Through her father, Al Simms, general manager of American International Records, the record-label division of film production company American International Pictures, Simms became affiliated with the beach party film craze of the mid-1960s. She was commissioned to record several tunes intended for soundtracks of "beach party" features for American International Pictures, but her tracks were often re-recorded by the stars of the films. Some of the music she recorded was ultimately released on 45s by Vee-Jay Records and Wand Records, and appeared on some of the films' soundtrack LPs. In the 1970s, she worked as assistant to songwriter and record producer Bob Crewe at Far Out Productions, contributing backing vocals to a handful of folk and disco music concept albums.
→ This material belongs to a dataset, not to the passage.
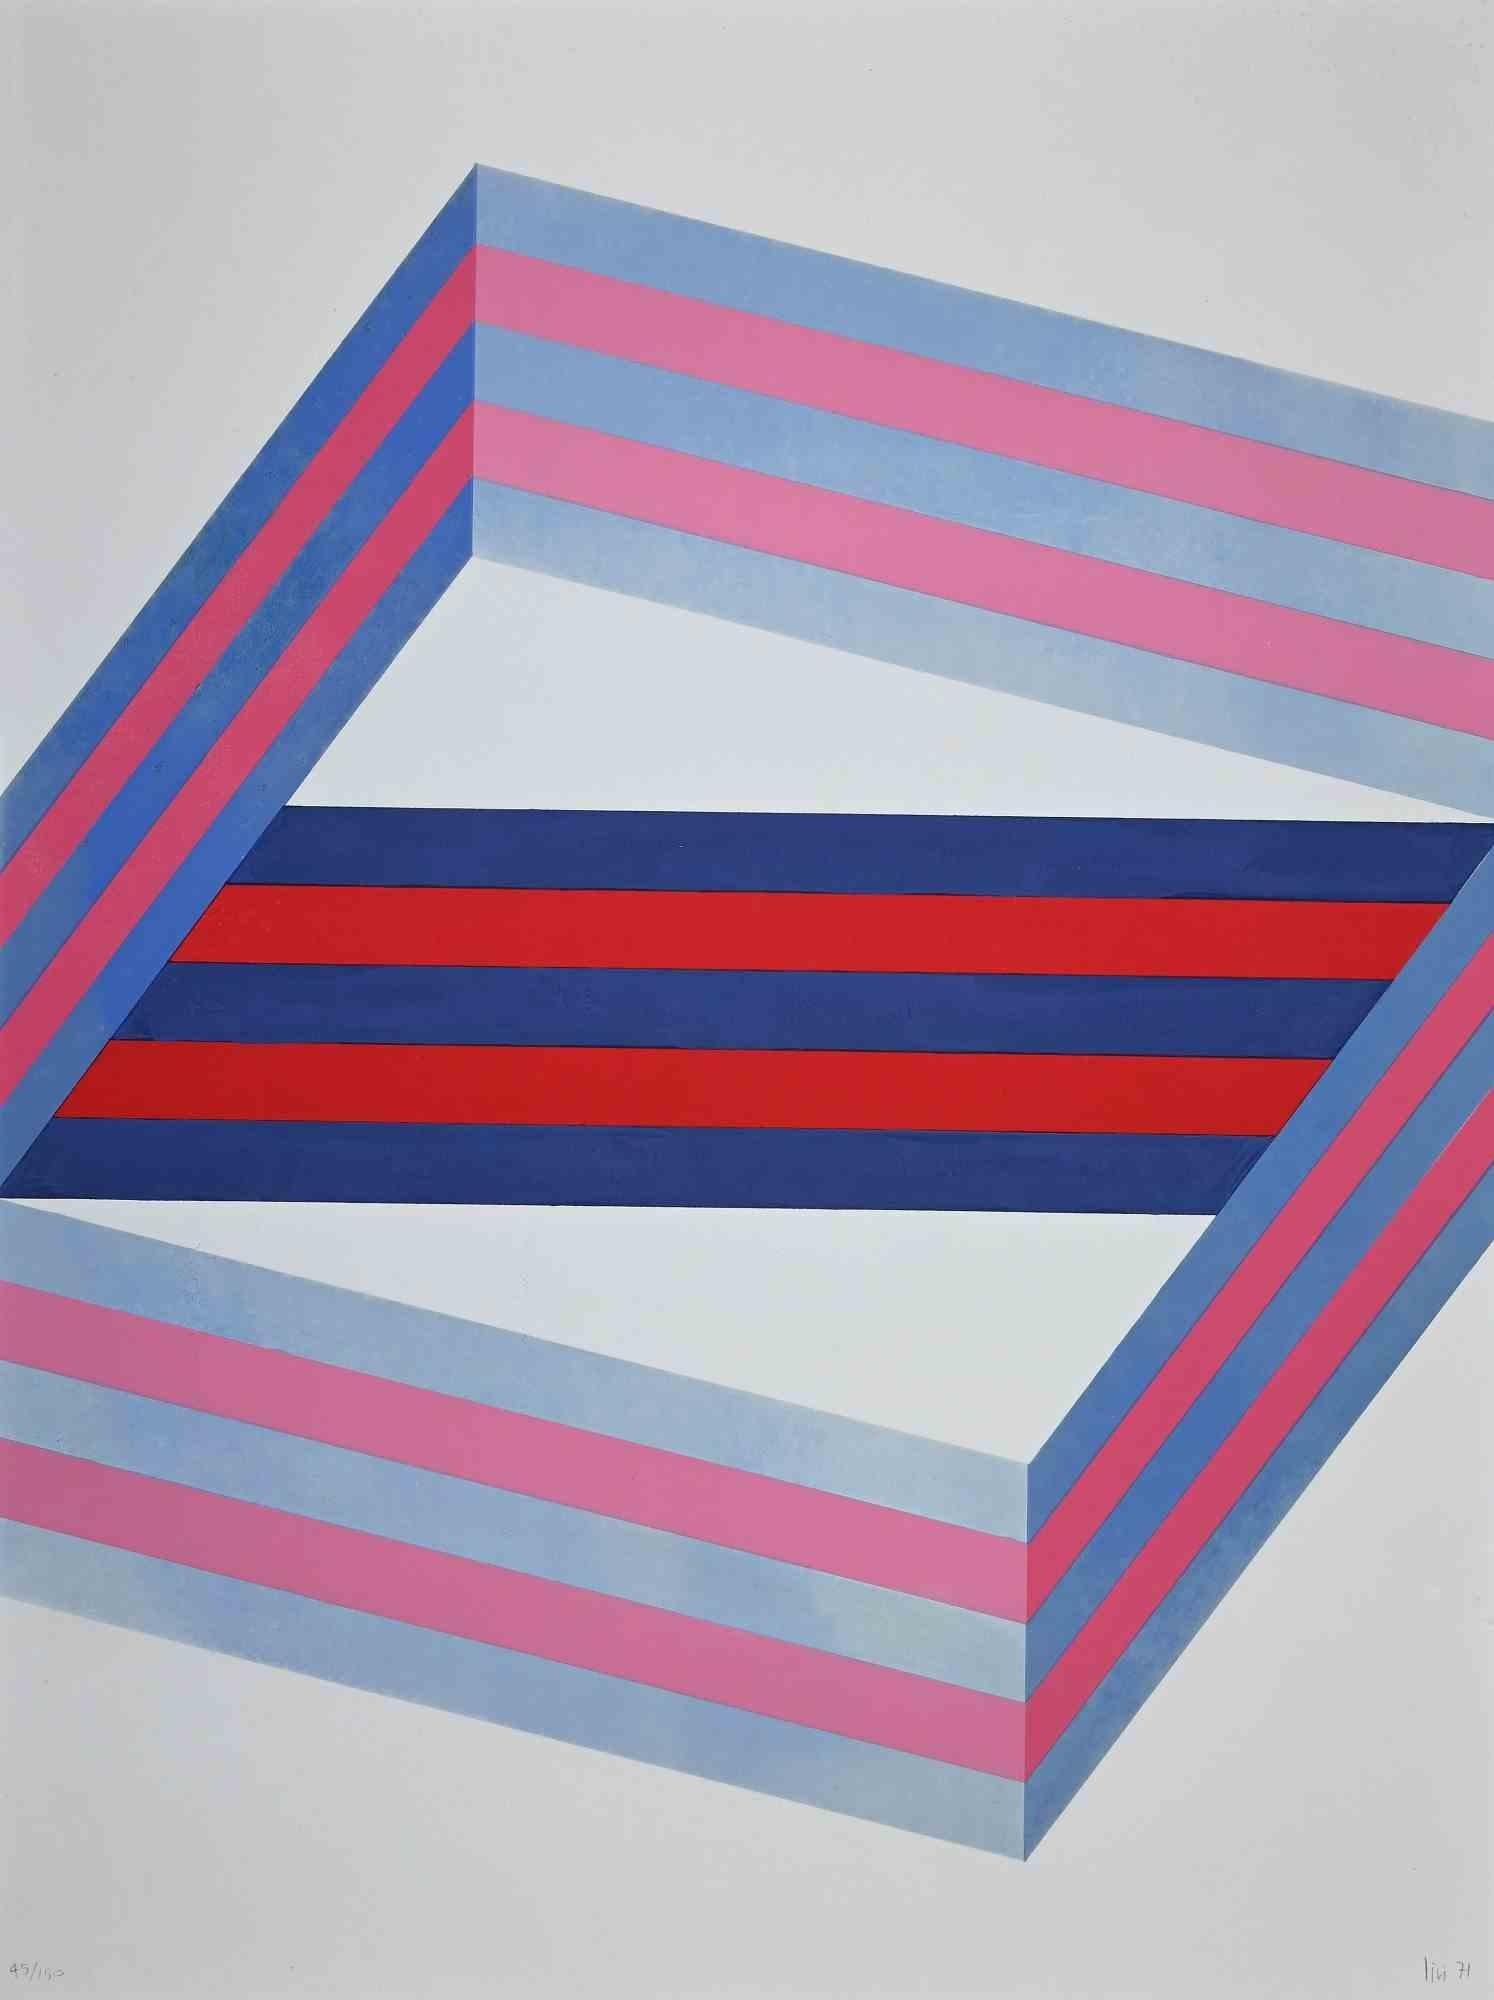 Striped Composition - Original Lithograph by Renato Livi  - 1971
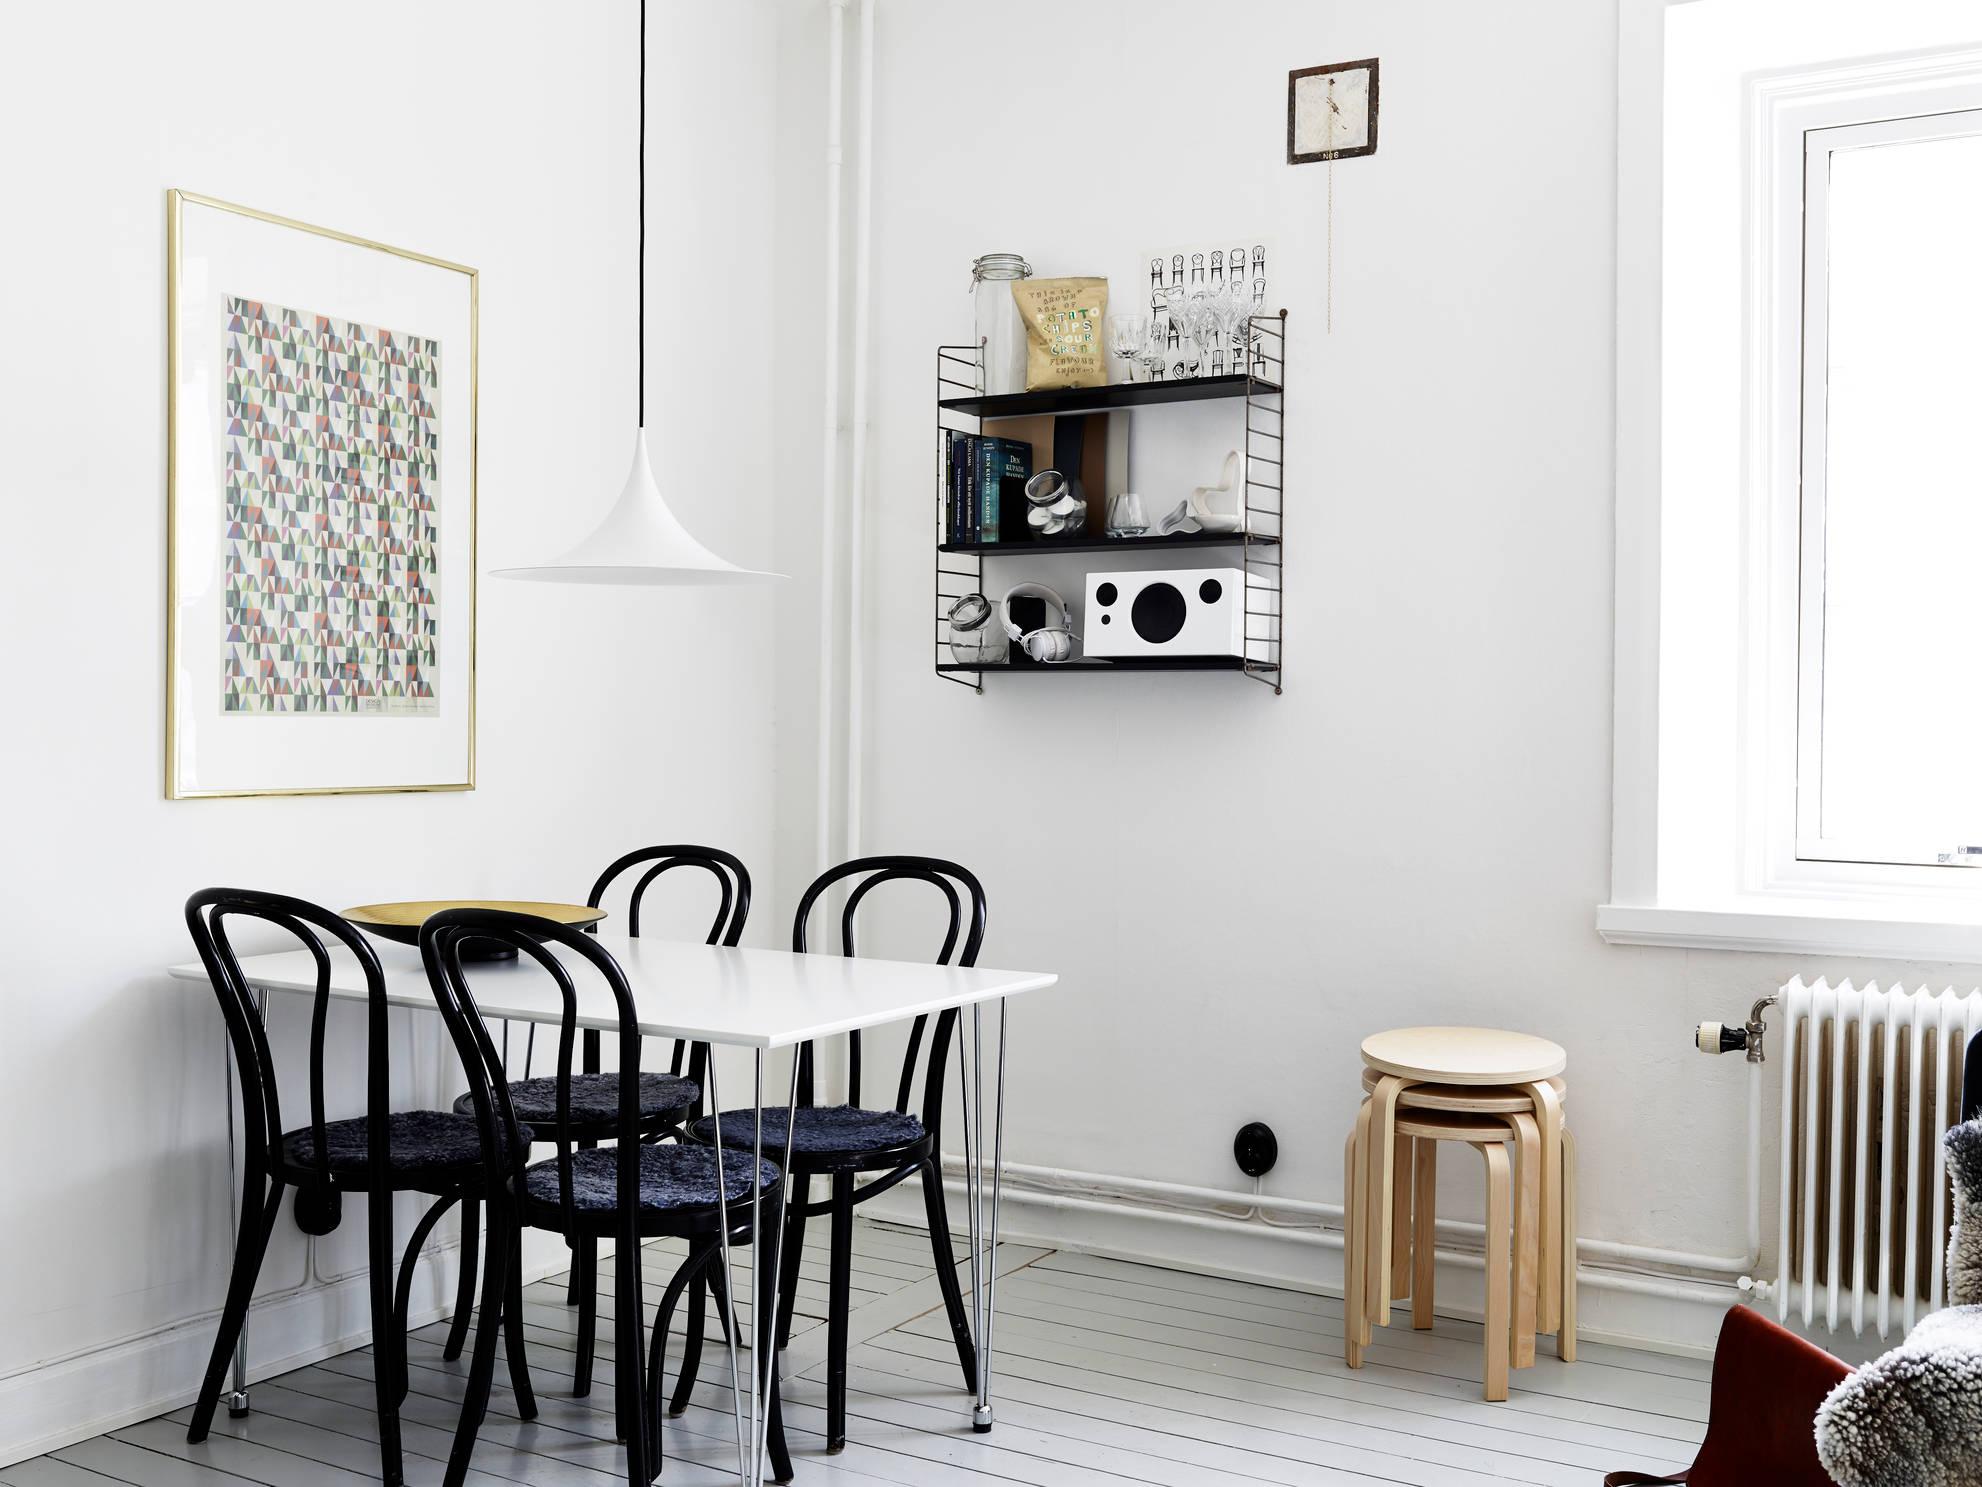 Afzuiging Badkamer Praxis : Afzuiging badkamer praxis hul simple beautiful binti home

== Personal life and death ==
Simms was first married to music publisher and record label executive Loring Buzzell, co-founder of Hecht-Lancaster & Buzzell Music and Calyork Music, and was a close personal friend of Merv Griffin, The McGuire Sisters and Jaye P. Morgan. The wedding of Simms and Buzzell took place in New York City in 1954, with two thousand people present, including celebrities. She was widowed on October 20, 1959, when he had a heart attack, aged 32. The couple had two daughters, Cindy and Lauren Beth, the latter being born in January 1960, after her father's death. In January 1985, Lauren died suddenly at the age of just 24.

In 1961, Simms married childhood sweetheart Casper Stolt and moved to Los Angeles, California, but the relationship ended in a divorce before the end of the decade.

Simms died of cancer in Hollywood, California, on September 21, 2003, aged 71.